A: We would not suggest undergoing a surgical procedure to remove the fallopian tubes as the sole indication for surgery.
Q: Does having my fallopian tubes removed increase the risk of my surgery?
A: For women undergoing gynecologic surgery for other valid indications, fallopian tube removal does not meaningfully increase the surgical risks.
Genetic Mutations in Ovarian Cancer
Q: I was recently diagnosed with ovarian cancer, should I be tested for the BRCA gene mutation?
A: There are several types of ovarian cancer and we are recommending that all patients diagnosed with high grade serous ovarian cancer be referred for genetic counseling and testing.

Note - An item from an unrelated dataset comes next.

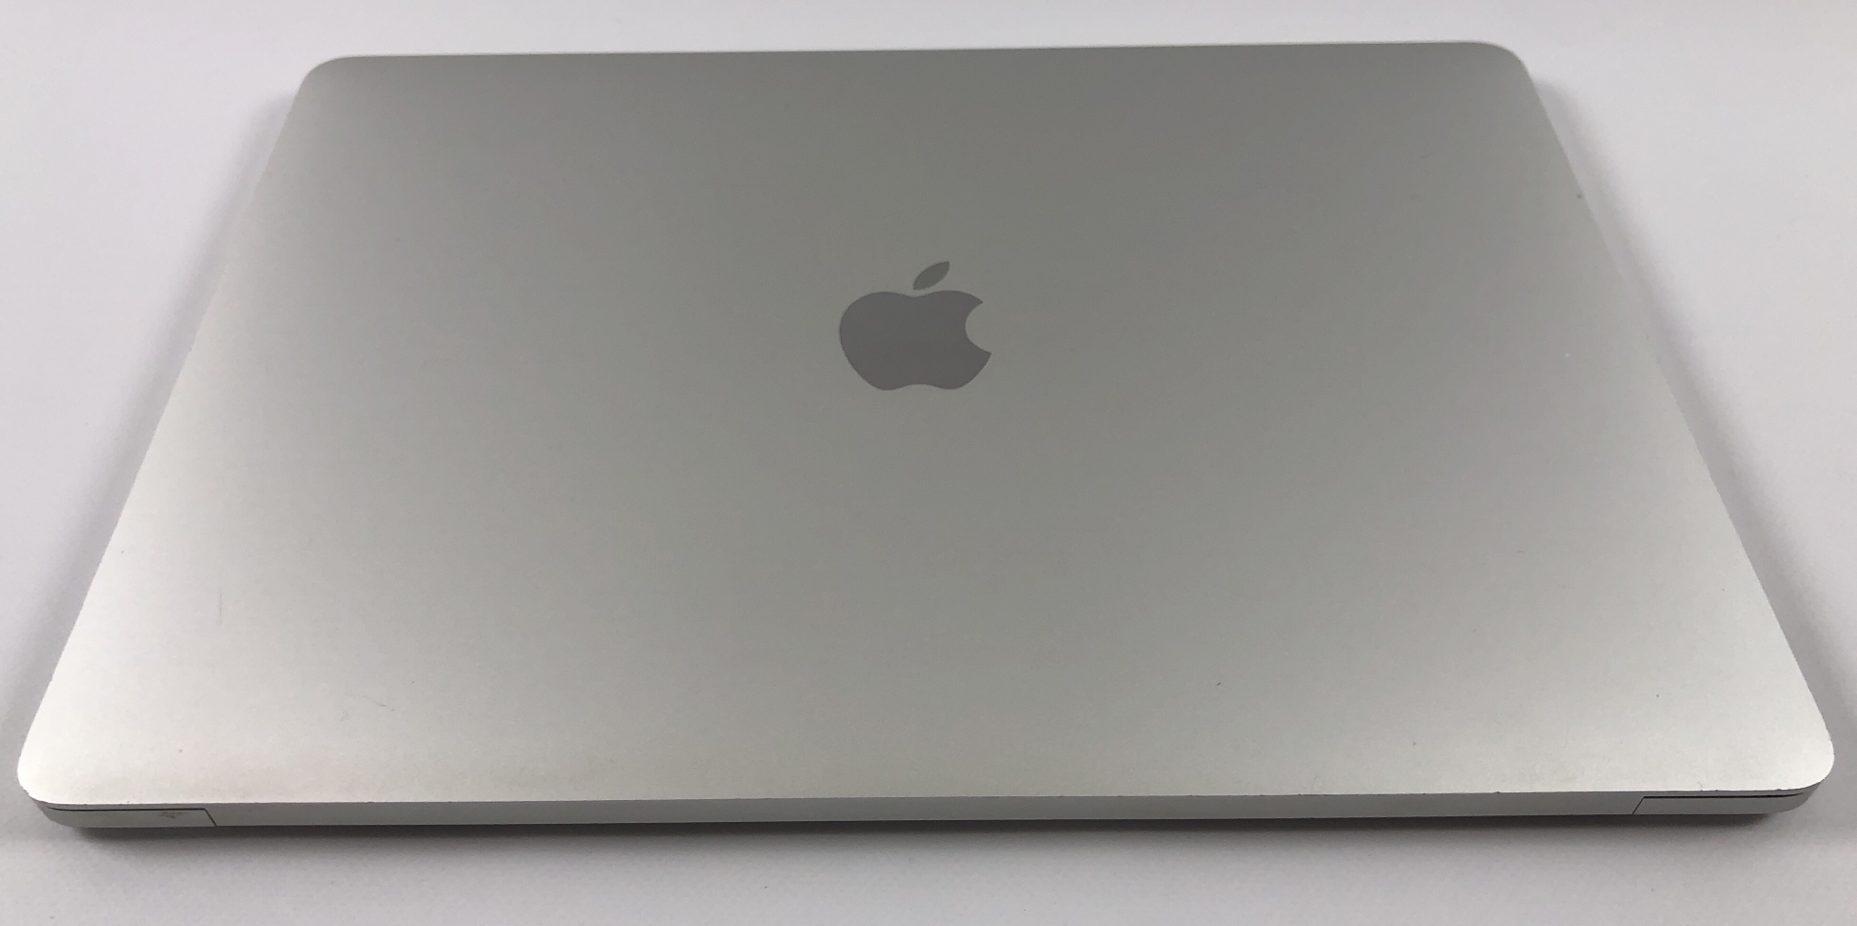 """MacBook Pro 13"""" 2TBT Mid 2017 (Intel Core i5 2.3 GHz 8 GB RAM 256 GB SSD), Silver, Intel Core i5 2.3 GHz, 8 GB RAM, 256 GB SSD, bild 2"""

Q: My mother had ovarian cancer, should I have testing for the BRCA 1 and 2 gene mutations?
A: That depends on a complete understanding of your entire family history. Your physician can consult the BC Cancer Agency’s Hereditary Cancer Program for specific referral criteria. Link to BCCA Hereditary Cancer Program (http://www.bccancer.bc.ca/HPI/CancerManagementGuidelines/HereditaryCancerProgram/default.htm)
Q: How do I access genetic testing for ovarian cancer?
A: You must be referred by a physician.
Q: I’ve had genetic testing for the BRCA gene mutation and it was positive, should I have a hysterectomy and remove my fallopian tubes?
A: It is important that every BRCA mutation carrier have a thorough understanding of her risks and options for risk reduction. You will likely be referred to a Gynecologist or Gynecologic Oncologist for a complete individualized discussion. You will also need to review your options for Breast Cancer screening and risk reduction.